Last year EMC’s somewhat controversial acquisition of Data Domain right under the noses of NetApp raised several eyebrows to say the least. Considering the reported amount of $2.1 billion and their already deduplication packed portfolio which consisted of the source based Avamar, the file-level deduplication/compression of its Celerra filer and their Quantum dedupe integrated VTLs, some heads were left scratching as to what actually was the big deal with the target based deduplication solution of Data Domain. Almost a year on and with Data Domain’s DD880 being adopted by an ever growing customer base, the heads have stopped scratching and are paying close attention as to what is probably the most significant advancement in backup technology of the last decade.

With deduplication currently being all the rage, with possibly only ‘Cloud Computing’ overshadowing it, the benefits of deduplication are becoming an exigency for backup and storage architects. With most backup software producing copious amounts of duplicate data stored in multiple locations, deduplication offers the ability to eliminate those redundancies and hence use less storage, less bandwidth for backups and hence shrink backup windows. With source based and file level based deduplication offerings, it is Data Domain’s target based solution i.e. the big black box that is clearly taking the lead and producing the big percentages in terms of data reduction. So what exactly is so amazing about the Data Domain solution, when upon initial glance at for example the DD880 model, all one can see is just a big black box? Even installing one of the Data Domain boxes hardly requires much brainpower apart from the assignment of an IP address and a bit of cabling. And as for the GUI, one could easily forget about it as the point of the ‘big black box’ is that you just leave it there to do its thing and sure enough it does its thing.

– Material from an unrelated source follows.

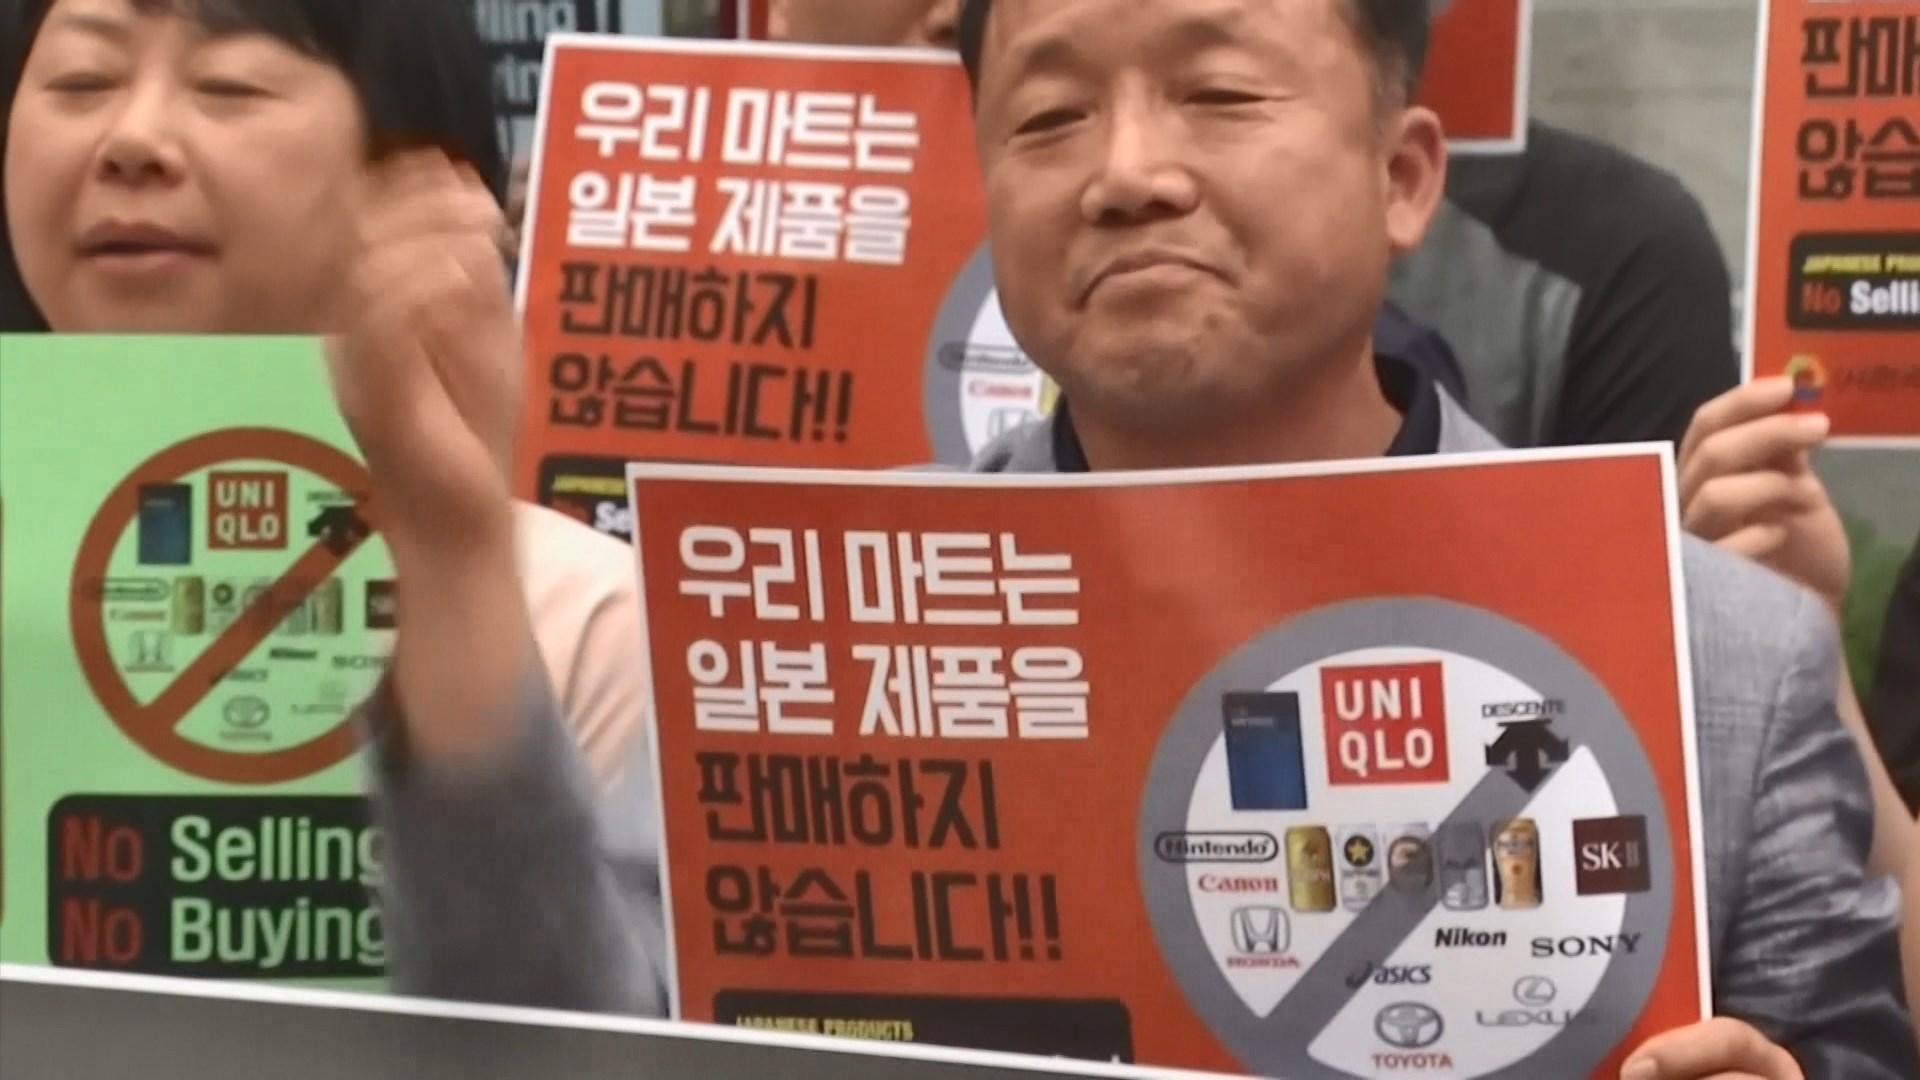 南韓企業發起罷買日貨抗議限制原材料出口

And while the big black box sits there in your data center the figures start to jump out at you where an average backup environment can see a reduction of up to 20 times. For example a typical environment with a first full backup of 1TB with only 250GB of physical data will immediately see a quadrupled reduction. If such an environment was to take weekly backups with a logical growth rate of 1.4TB per week but with only a physical growth of 58GB per week, the approximate reduction could go up to more than 20 times within four months:

Reduction =
First Full + (Cumulative Logical Growth x Number of weeks) / Physical Full + (Cumulative Physical Growth x Number of weeks)

e.g. After 25 weeks
Reduction = 1TB + (1.4TB x 25) / 0.250TB + (0.058TB x 25)
= 35TB / 1.7TB
= 21 times less data is backed up

So how does Data Domain come up with such impressive results? Upon closer inspection, despite being considered the ‘latest technology’, Data Domain’s target based deduplication solution has actually been around since 2003, so in other words these guys have been doing this for years. Now in 2010 with the DD880, to term their latest ‘cutting edge’ would be somewhat misleading when a more suitable term would be ‘consistently advancing’. Those consistent advancements have come from the magic of the big black box being based on its CPU-centric architecture and hence not reliant upon adding more disk drives. So whenever Intel unveils a new processor, Data Domain does likewise with its incorporation into their big black box. Consequently the new DD880’s stunning results are the result of its incorporation of a quad-socket quad-core processor system. With such CPU power the DD880 can easily handle aggregate throughput to up to 5.4 TB per hour and single-stream throughput of up to 1.2 TB per hour while supporting up to 71 TB of usable capacity, leaving its competitors in its wake. Having adopted such an architecture, Data Domain have pretty much guaranteed a future of advancing their inline deduplication architecture by taking advantage of every inevitable advance on Intel's CPUs.

Unlike the source based offerings, Data Domain’s Target-based solution is controlled by a storage system rather than a host and thus takes the files or volumes from the disk and simply dumps them onto to the disk-based backup target. The result is a more robust and sounder solution to a high change-rate environment or one with large databases where RPOs can be met a lot easier than with a source-based dedupe solution.

Another conundrum that Data Domain’s solution brings up is the future of tape based backups. The cheap RAID 6 protected 1 TB / 500 GB 7.2k rpm SATA HDD disks used by the DD880 alongside the amount of data reduced via its deduplication also brings into question the whole cost advantage of backing up to tape. If there’s less data to back up and hence fewer disks than tape required, what argument remains for avoiding the more efficient disk to disk back up procedure? An elimination of redundant data with a factor of 20:1 brings the economics of disk backup closer than ever to those of tape backups. Couple that with the extra costs of tape backups often failing, the tricky recovery procedures of tape based backups as well as backup windows which are increasingly scrutinized; this could well be the beginning of the end of the Tape Run guys having to do their regular rounds to the safe.

Furthermore with compatibility already with CIFS, NFS, NDMP and the Symantec OpenStorage, word is already out that development work is being done to integrate closer with EMC’s other juggernauts VMware and Networker. So while deduplication and its many forms saturate the market and bring in major cost savings to backup architectures across the globe, it is Data Domain’s CPU based, target based inline solution which has the most promising foundation and future and currently unsurpassable results. $2.1 billion? Sounds like a bargain.